Script installimage Hetzner Rescue System offers an easy way to install various Linux distributions.

This tutorial shows how to use installimage to install an encrypted Ubuntu 22.04 system and add remote unlocking via SSH (dropbear) in the initramfs stored on a separate partition. /boot shows.

Prerequisites

• Hetzner account
• The server was booted to the rescue system.
• RSA, ECDSA, or ED25519 SSH public key
• No private networks are connected in Hetzner Cloud

Step 1 – Create or copy the SSH public key

To unlock the encrypted system remotely, you need an SSH key. You will use this key later to log in to the booted system. The dropbear SSH daemon included in Ubuntu 22.04 only supports RSA and ECDSA keys. If you do not have such a key, you will need to create one.
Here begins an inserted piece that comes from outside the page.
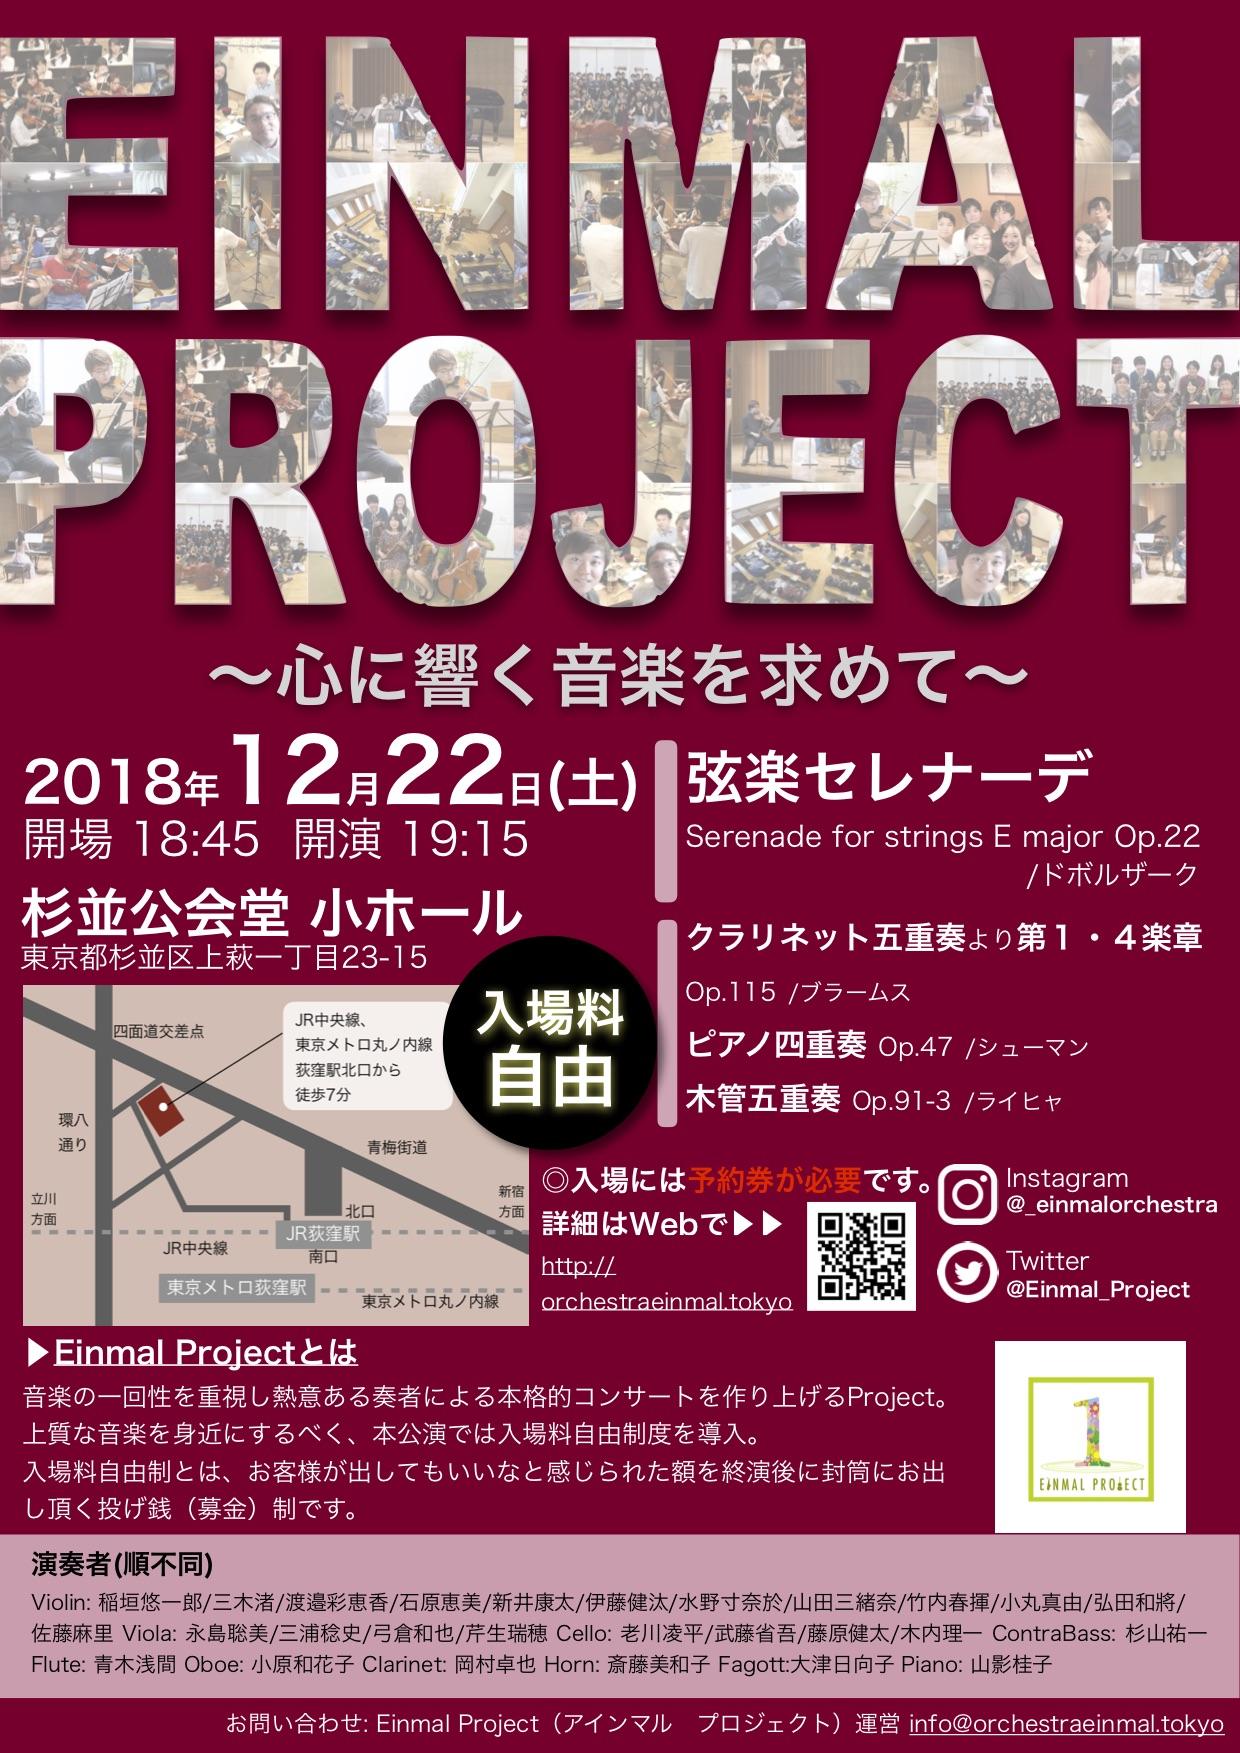 残り(少)枚数限定!Einmal Project 1st Concert 12/22 S席チケット販売中です

We recommend using ED25519 or ECDSA keys.

For example, to create an SSH key ED25519, run:

ssh-keygen -t ed25519

Copy the public key to the rescue system, e.g. using scp:

scp ~/.ssh/id_ed25519.pub root@<your-host>:/tmp/authorized_keys

Step 2 – Create or copy the installimage configuration file

When installimage is invoked without any options, it starts in interactive mode and opens an editor after selecting a distribution image. After exiting the editor, the installation continues and the corresponding configuration is saved as /installimage.conf on the installed system. In this tutorial, we will pass such a configuration file for direct installation.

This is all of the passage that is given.